2018년 1월 18일 목요일

좌파엔 선수가 넘치고 우파엔 해설가들만 득실
월명


선수와 해설가의 차이점은 무엇인가. 선수는 상대방과 죽기 살기로 실전에서 싸우는 사람이다. 반면에 해설가는 그늘에 앉아 객관적 입장에서 개개인 선수들의 잘잘못을 지적하거나 칭찬하기도 한다. 감독의 전술 전략을 평가하고 마음에 들지 않으면 신랄한 비판을 가하기도 한다. 해설자는 객관성을 생명으로 하는 위치에 있다 보니 모두 양비론이다.

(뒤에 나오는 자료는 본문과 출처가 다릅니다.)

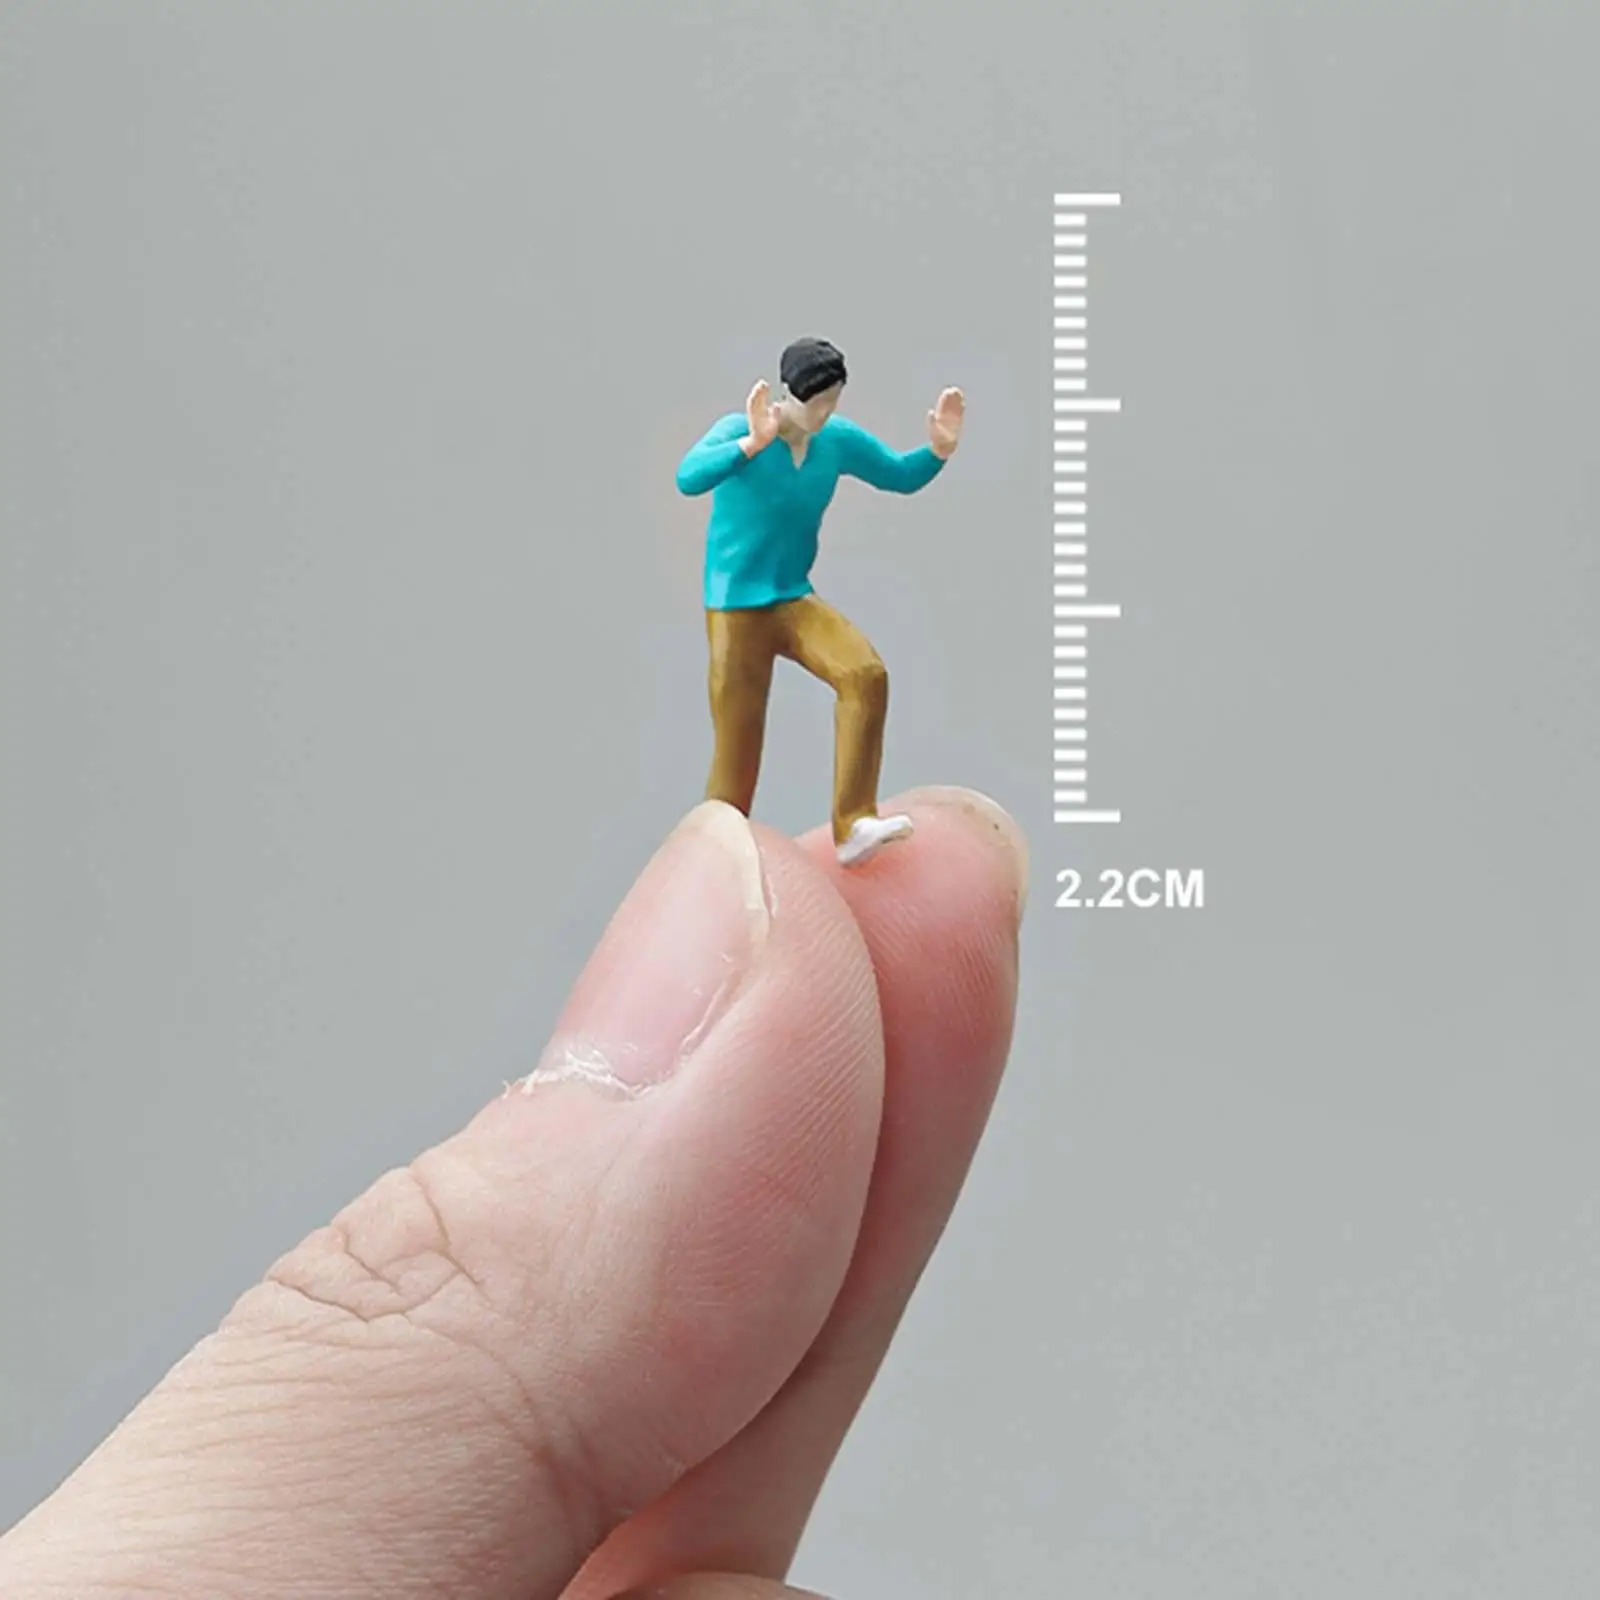 1/64 Miniature Model Figures Photography Props Miniature People Model Tiny People 1/64 Scale Model Figures Desktop Ornament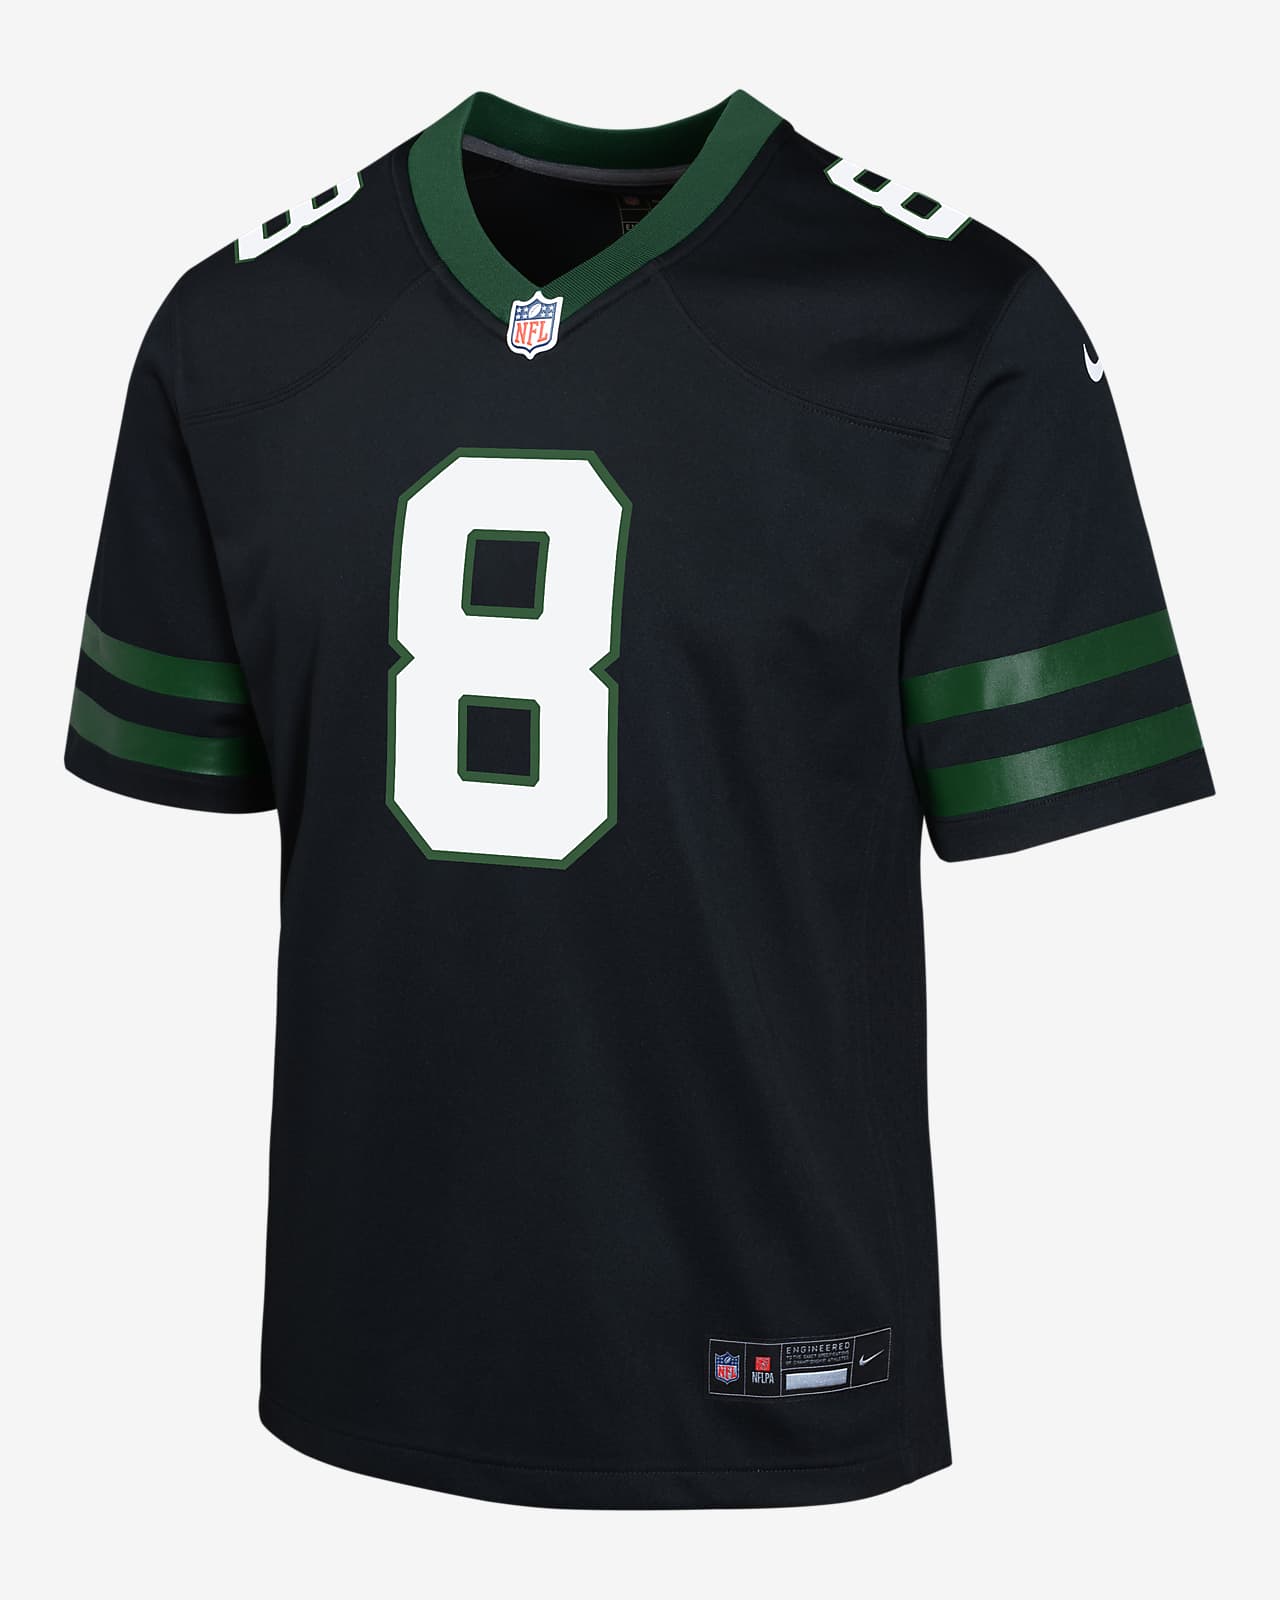 Jersey Nike de la NFL Game para niños talla grande Aaron Rodgers New York Jets

  좌파 진영에는 선수들이 넘치고 우파에는 해설가들만 득실거린다. 지금 한국의 좌우 전쟁에서 좌파들의 경우 20명의 선수가 뛰고 있다면 우파들은 고작 대여섯 명의 선수들이 뛰는 형국이다. 공격은커녕 방어하기에도 힘에 부치는 모습이다. 보수가 단결해야 한다고 하니 죽어도 못하겠다 주장이다. 차라리 문재인 총통이 하는 게 낫다는 주장도 있다. (조갑제닷컴, 발췌)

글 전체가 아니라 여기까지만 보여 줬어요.